Первый аспект - непризнание «неграмматичных» предложений и признание наличия смысла у всего, что реально было сказано: «Но верховным принципом для речи является не язык с его «нормами», а смысл, который в свою очередь есть представитель интересов главного руководителя всей этой деятельности - мысли» [5, с. 176]. Лингвисты - последователи Хомского и Карнапа признают достойным семантического анализа только материал, соответствующий нормам языка, забывая о том, что, во-первых, сами эти нормы не были первичны, а появились как результат анализа того же реального речевого материала, и нельзя исключать несовершенства выведенной системы; во-вторых, норма динамична, как динамичны сами закономерности речевой практики; в-третьих, даже предложение или текст, построенные с нарушением грамматических или стилистических норм, являются воплощением акта коммуникации, реализуют какую-либо стратегию и несут какой-либо смысл.
Поясним, с какой позицией мы дискутируем в настоящий момент. Рассматривая конфликтный текст, лингвист выявляет его «неграмматичность», несоответствие или неполное соответствие нормам языка, в результате чего ставит на нем клеймо «ущербного» текста, с чем объективно нет смысла спорить, но из этого делается вывод о невозможности проанализировать неграмотную конструкцию, что вызывает категорическое несогласие. Грамматически ненормативная конструкция может провоцировать неоднозначное понимание, но в таком случае лингвист может выявить возможные варианты смысла. Текст может быть нелогичным, плохо выстроенным, эклектичным, но, если это не искусственно сконструированный материал, он неизбежно реализует какую-либо интенцию и, следовательно, выражает какой-либо смысл, явно или неявно, при помощи пресуппозиций и импликаций, но выражает.

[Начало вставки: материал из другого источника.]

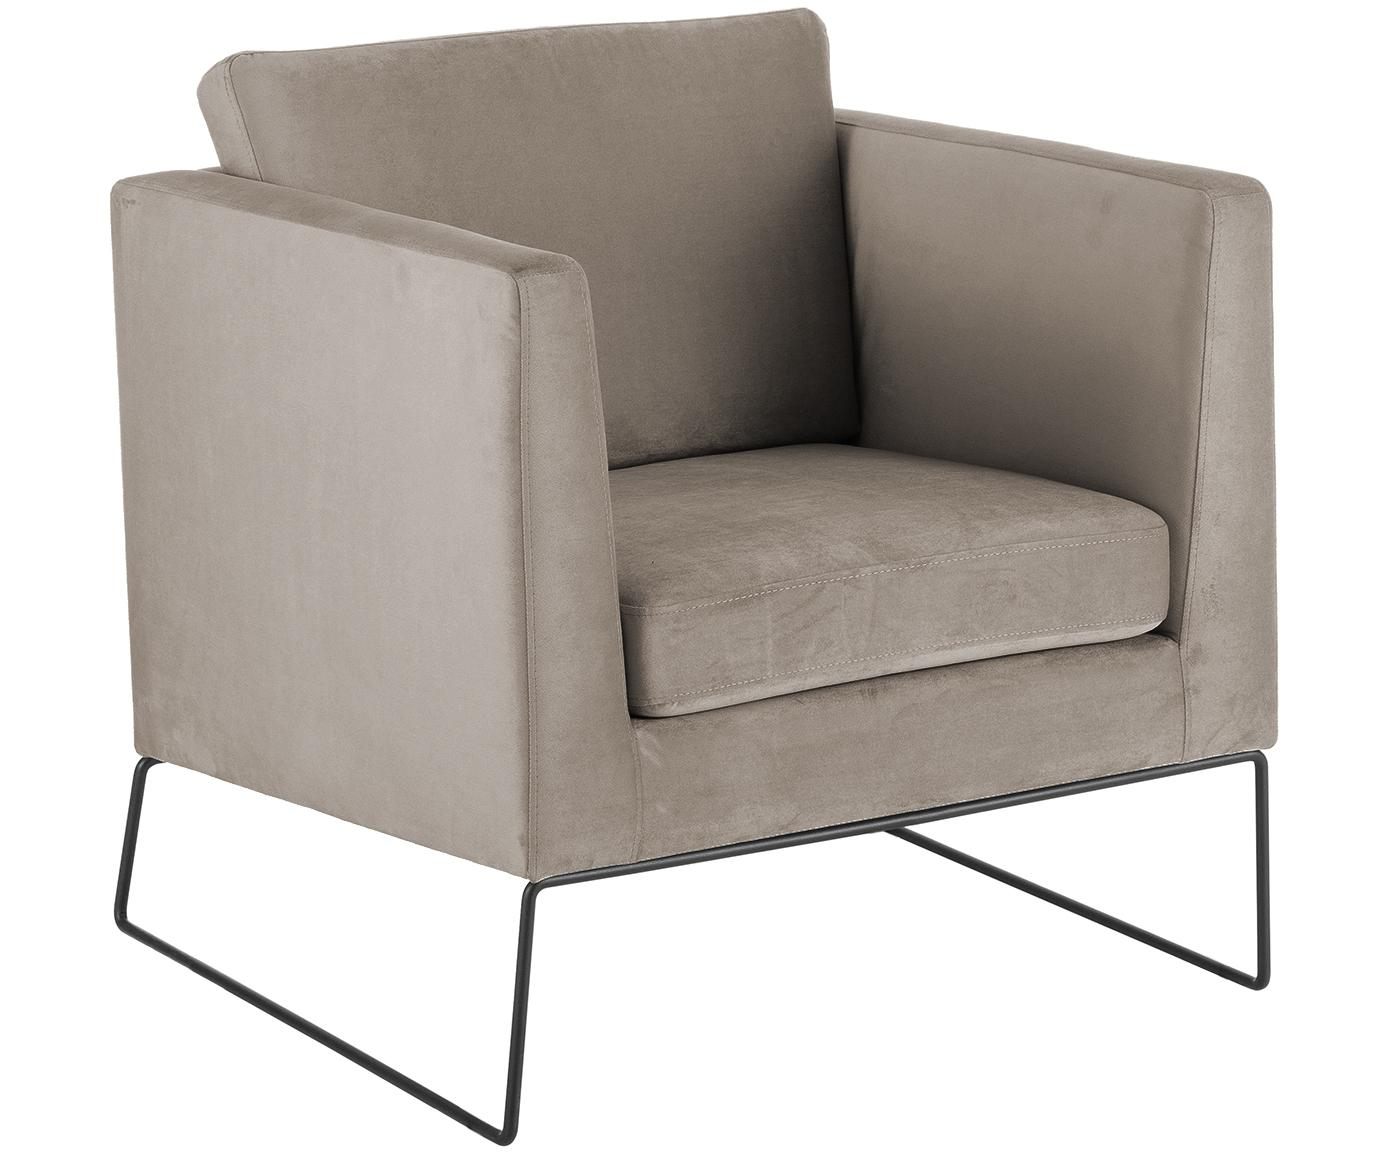 Fluwelen fauteuil Milo, Bekleding: fluweel (hoogwaardig poly, Frame: grenenhout, Poten: gelakt metaal, Taupe, 77 x 75 cm

Наличие смысла - константная характеристика любого естественного текста, а необходимость и возможность выявить этот смысл - константная характеристика любого лингвистического анализа текста семантической направленности, в том числе судебной экспертизы соответствующего типа.
Второй аспект, связанный с проблемой смысла, выделенный нами в концепции В.А. Звегинцева, - вопрос о принципиальной постижимости смысла. В судебных заседаниях неоднократно возникал вопрос о способности анализируемого текста выразить законченный смысл. Сторонники «незаконченного смысла» апеллируют к понятию «восприятие», придавая ему исключительно индивидуально-психологический смысл и полностью отказывая в объективных закономерностях. Автор - говорят в таком случае - только задал тему разговора, - а читатель развивает ее в направлении, зависящем от его интеллектуального и культурного уровня, личных ассоциаций и других субъективных факторов.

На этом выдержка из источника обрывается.